此時王昕芳听了心里暗恨,手里的帕子都絞得不成形了。從此記恨上姚晚珠,只等著什麼時候給她們下下絆子好解心頭氣。此時她是萬萬不肯眼看著陳喜得瑟地攛掇著陳路海去做這等腌制事兒,她也不想這她這樣認為是否正確,總之要先眼下自個舒服了才行。她假裝被氣著了無可奈何,讓陳喜先過去,等陳路海經過她身旁時,也幸是拿食盒的右手在她這邊,才讓她一擊得中。

她突然一個崴腳假裝向陳路海撲去,陳路海也不是啥惡人,見人摔倒第一反應當然要作扶,就是這里給壞了事兒,王昕芳一個掀手,「哎呀」就把食盒從下翻個底朝天,食盒倒是還穩當當地在陳路海手上,就是里面裝好的一盤紅燒排骨直接扣地上了。

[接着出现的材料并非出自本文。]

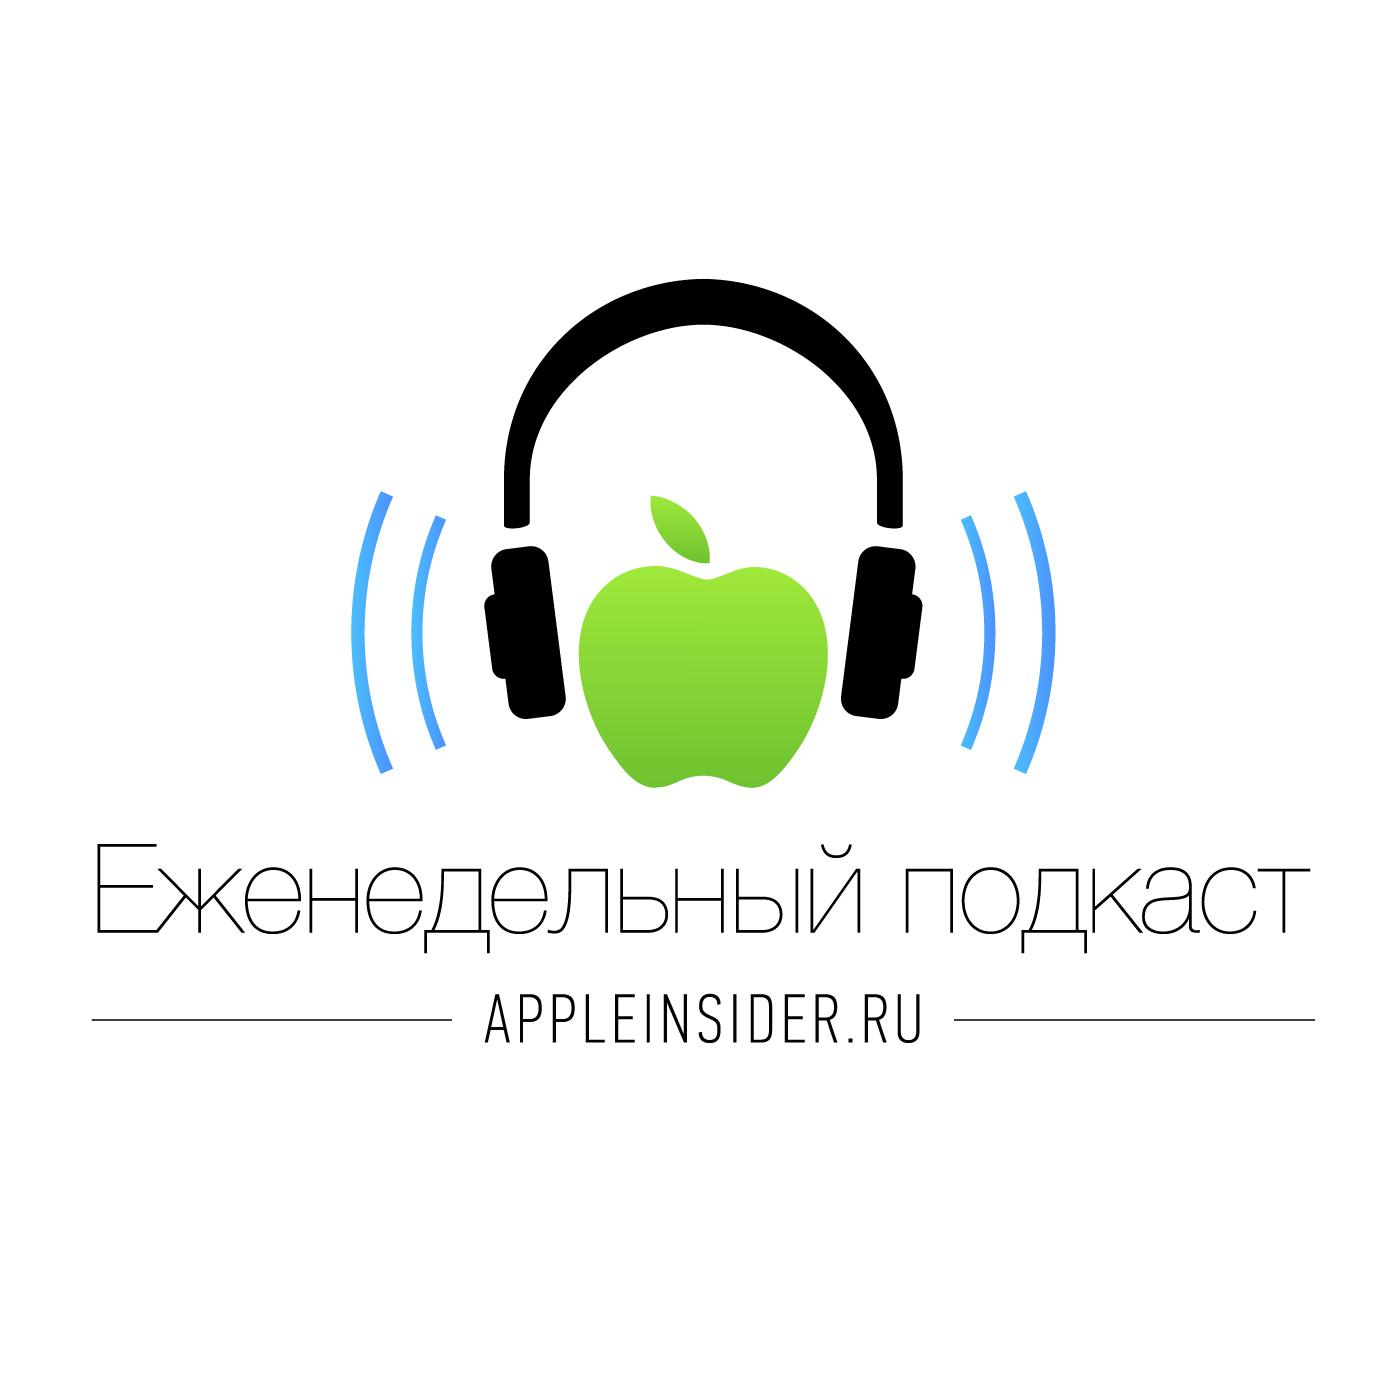 Миша Королев iOS 10: все, о чем Apple не сказала на презентации миша королев что нового в шестой бета версии ios 10
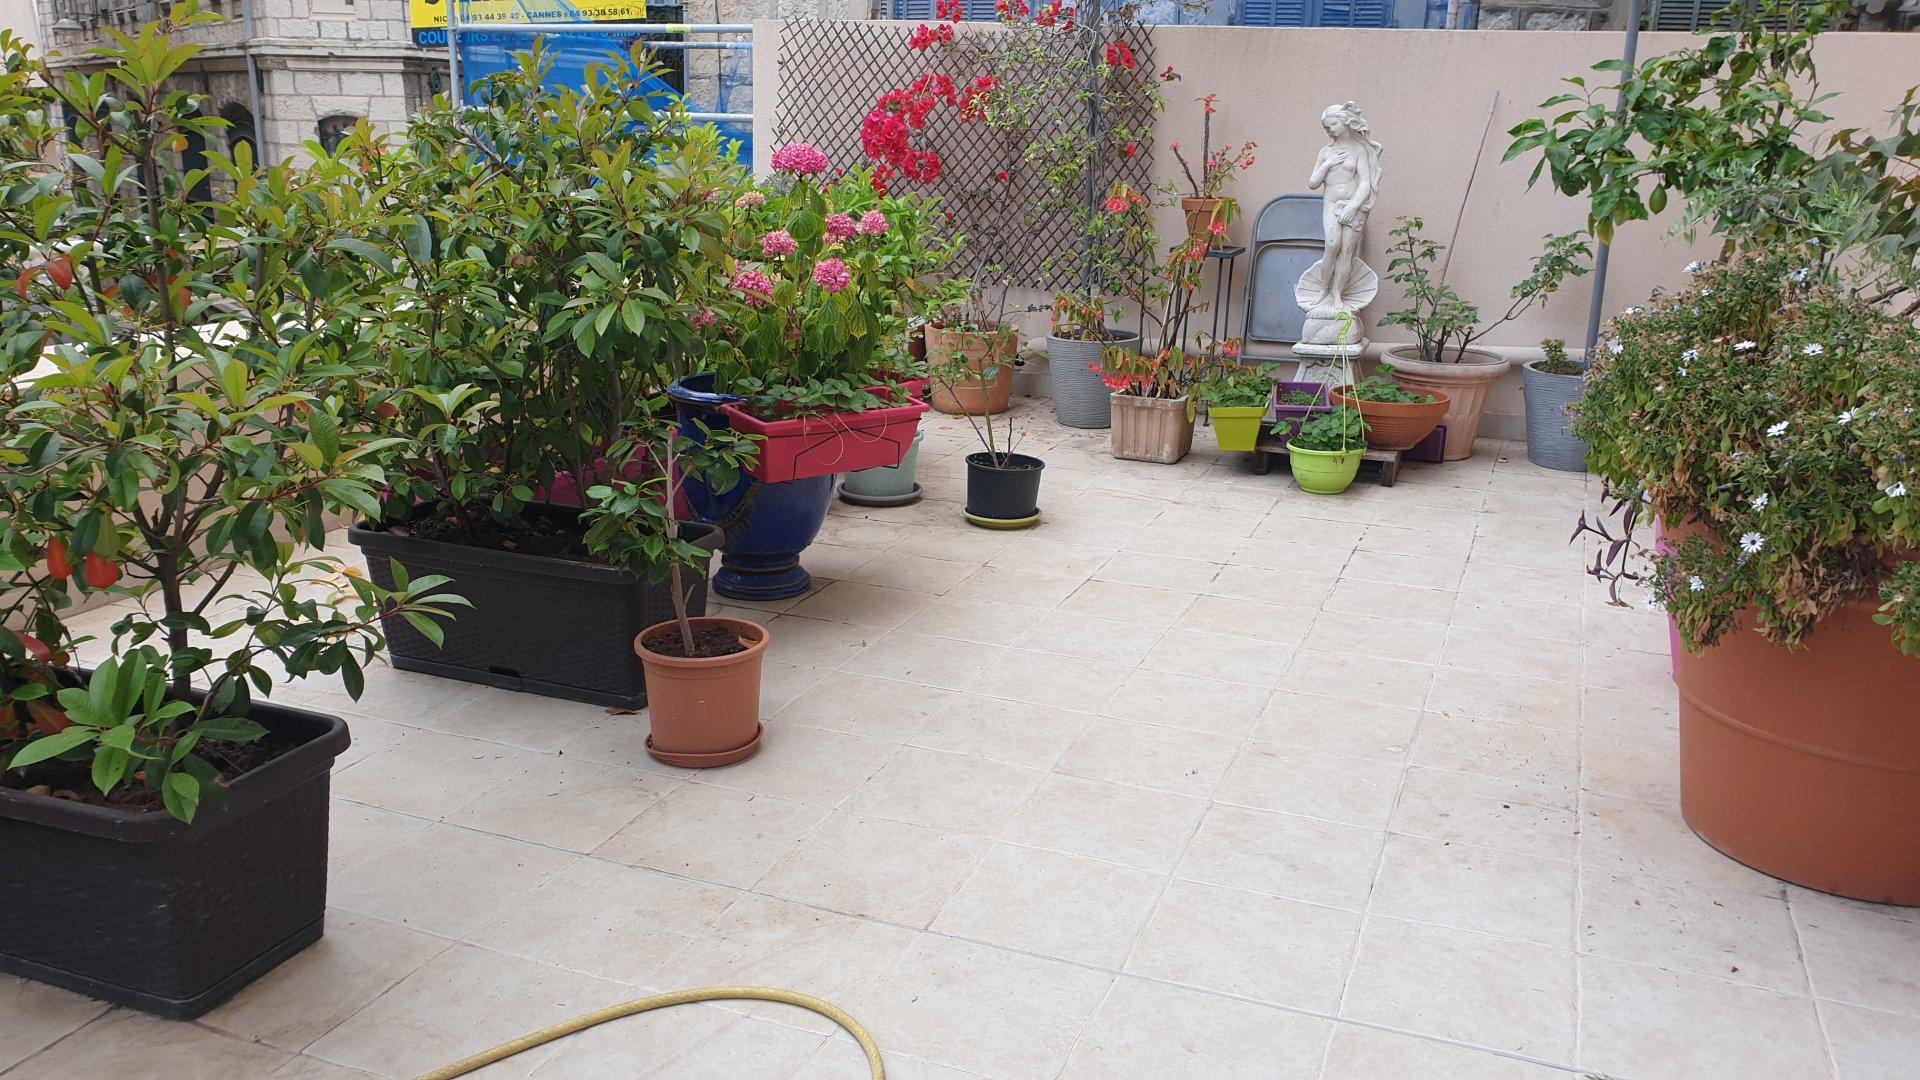 Coulée verte / tete carrée  :3 P 60 m2 , terrasse 40 m2

話說討厭的人還真是不做件討厭的事兒還不行。陳喜氣得嘴直哆嗦,手指著假裝悔得不行嘴角卻可疑有掀起的王昕芳話都說不出來了。陳路海也是給弄得一個蒙,等瞧見這結果,心里對這女孩也開始討厭了,是人都看得出她是故意的。況且不管她是故意的還是意外,總結她這往常行事做派,估計壞水兒肯定摻進去了。